The flake beat the weirdo.

While it looked like California Governor Gavin Newsom might be recalled and replaced by conservative talk show host Larry Elder as recently as a month ago, it looks like voters chose nearly two to one to stick with the devil they knew.

NPR (“Gov. Newsom Keeps His Seat After A Majority Of California Voters Reject The Recall“):

The attempt to recall California Democratic Gov. Gavin Newsom has failed, according to a call by the Associated Press, allowing the governor to stay in office until at least 2023.

Tuesday ends a campaign against Newsom that began before the coronavirus pandemic took hold in the U.S.

“I am humbled and grateful to the millions and millions of Californians that exercised their fundamental right to vote,” Newsom said Tuesday night, speaking, almost somberly, to a group of reporters. “We [have] so much more in common in our state than we give ourselves credit for,” he added, expressing how difficult life has been for Californians during the pandemic.

The governor’s victory serves to vindicate his leadership of the state through COVID-19, but he won’t be off the campaign trail for long. He’ll have to run for reelection next year if he wants to keep his seat after his term ends.

This recall petition was one of six circulated by the governor’s opponents to remove him since he took office in January 2019.

Getting the vote to the ballot took an unlikely synchronization of political fortune and Newsom’s own missteps. Last year, a judge gave the recall campaign an additional four months to collect signatures, citing the difficulties in distributing petitions during the pandemic. Later that day, Newsom dined at the upscale French Laundry restaurant in Napa Valley, ignoring his own guidance to avoid gatherings as the spread of the coronavirus picked up.

The dinner became the enduring symbol of the recall campaign and fodder for the most convincing attack against the governor: that he failed to practice what he preached.

Instead of waiting for the 2022 gubernatorial election, thousands of the governor’s detractors signed petitions to put Newsom’s fate on the ballot this year.

The resurgence of the virus also allowed Newsom to draw his clearest contrast between the candidates hoping to replace him, most notably conservative radio talk show host Larry Elder, who conceded the race late Tuesday local time.

Ultimately, the vote wasn’t so much an endorsement of Newsom but a rejection of Elder. Understandably, a rather progressive state preferred to keep a hypocritical liberal Democrat rather than be governed by a pro-Trump, conspiracy theorist.

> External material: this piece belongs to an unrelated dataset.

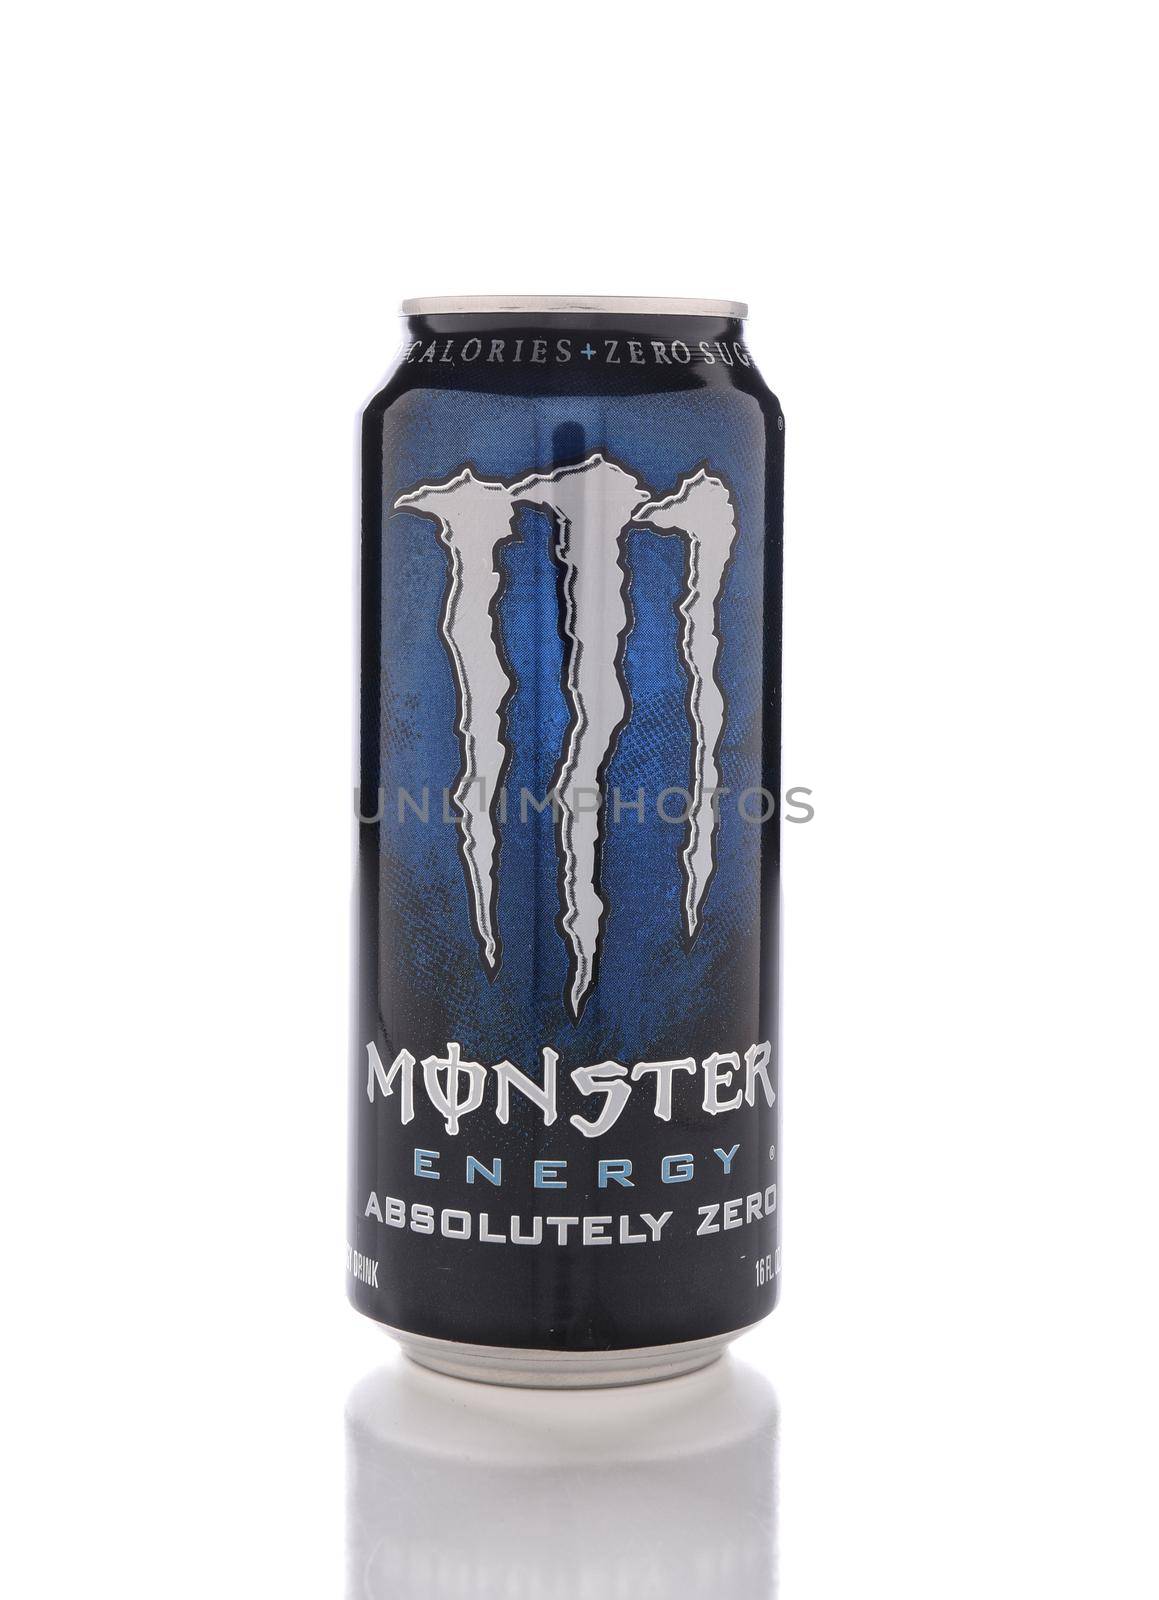 A can of Monster Energy Absolutely Zero by sCukrov

Newsom announced in late July vaccine mandates for California state employees, health care workers and school staff, along with a mask requirement for school children — orders that Elder promised to revoke on day one if elected.

But Elder’s emergence as the clear favorite on the ballot’s second question — who should replace Newsom if he’s recalled? — allowed the governor to turn the race from a referendum into a choice. The governor spent the final days of the campaign slamming Elder’s conservative positions on climate policy, abortion and minimum wage.

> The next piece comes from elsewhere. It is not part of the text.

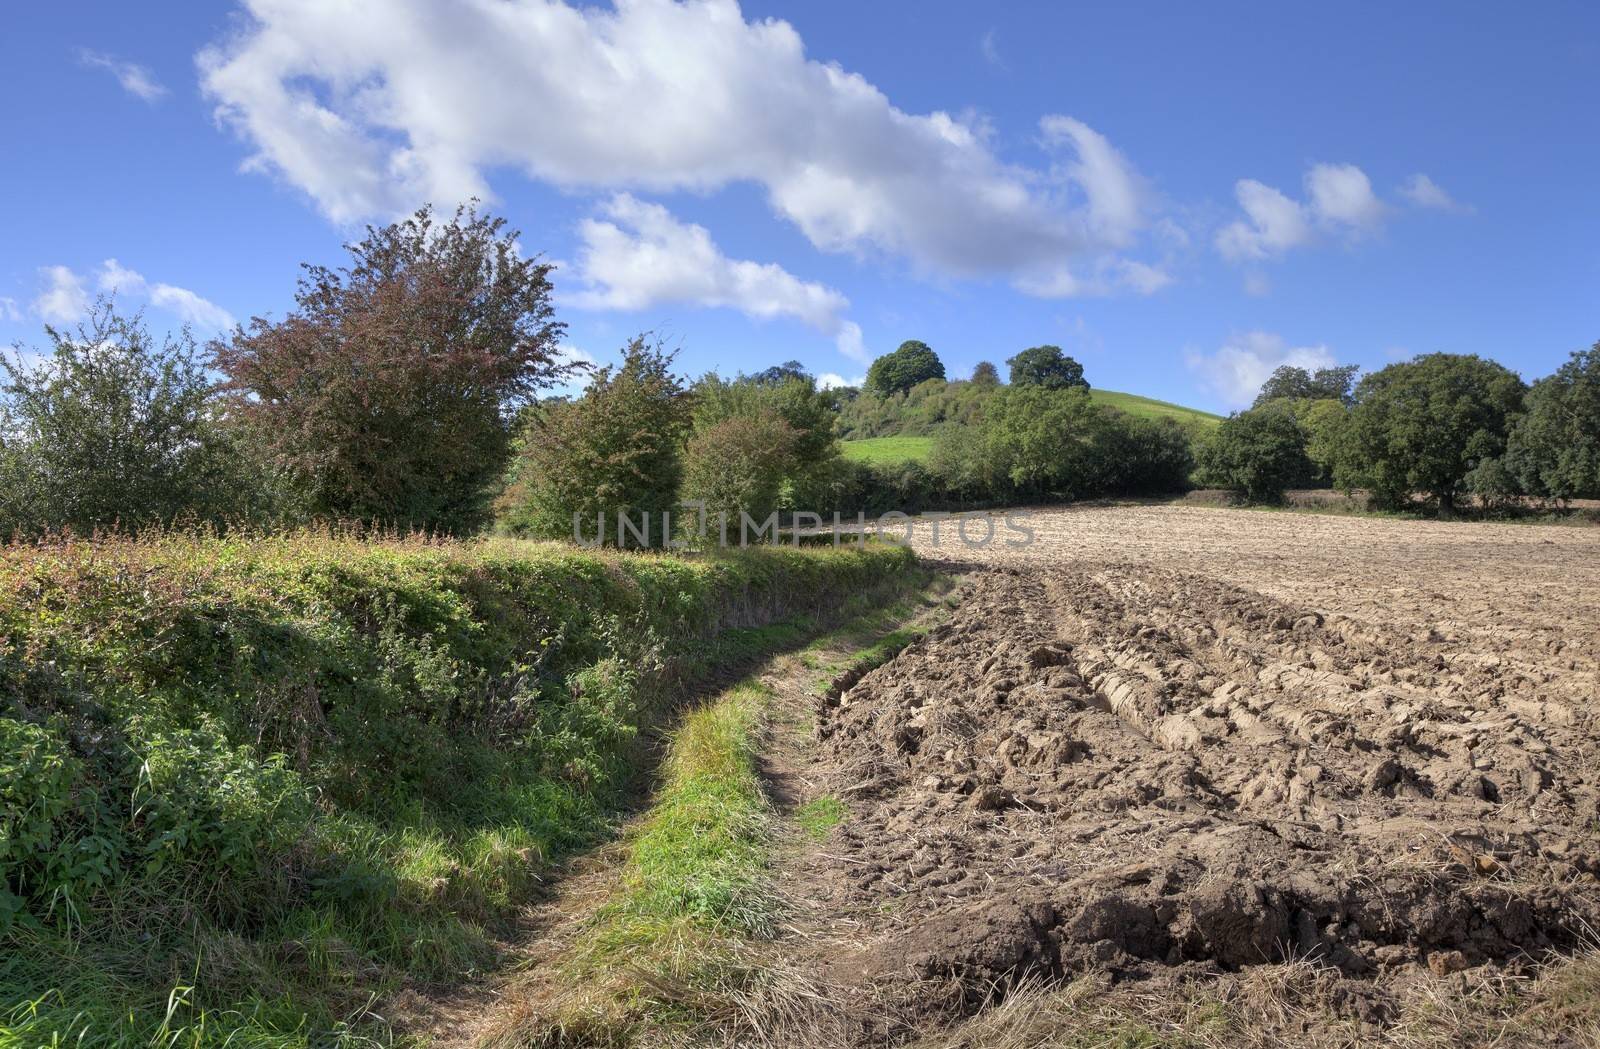 Rural England showing ploughed field, hedgerows and hills in late Summer.

Elder has been a vocal supporter of former President Trump and, in response, Democrats linked the recall effort to Trumpism and to the national Republican agenda on issues like reproductive rights and voting access.

Elder, like the former president, has claimed, without any evidence, that Trump lost last year’s election to election fraud. “There are all sort of reasons the 2020 election, in my opinion, was full of shenanigans,” Elder said earlier this month. “And my fear is they’re going to try that in this election in the recall.”

Whether allowing a tiny minority of citizens to force a recall of a governor or other elected officials is a good idea is debatable. But California’s system, wherein a recalled politician is replaced by the plurality winner, regardless of how few votes they received, is nuts. They should certainly reform it if they want to keep it.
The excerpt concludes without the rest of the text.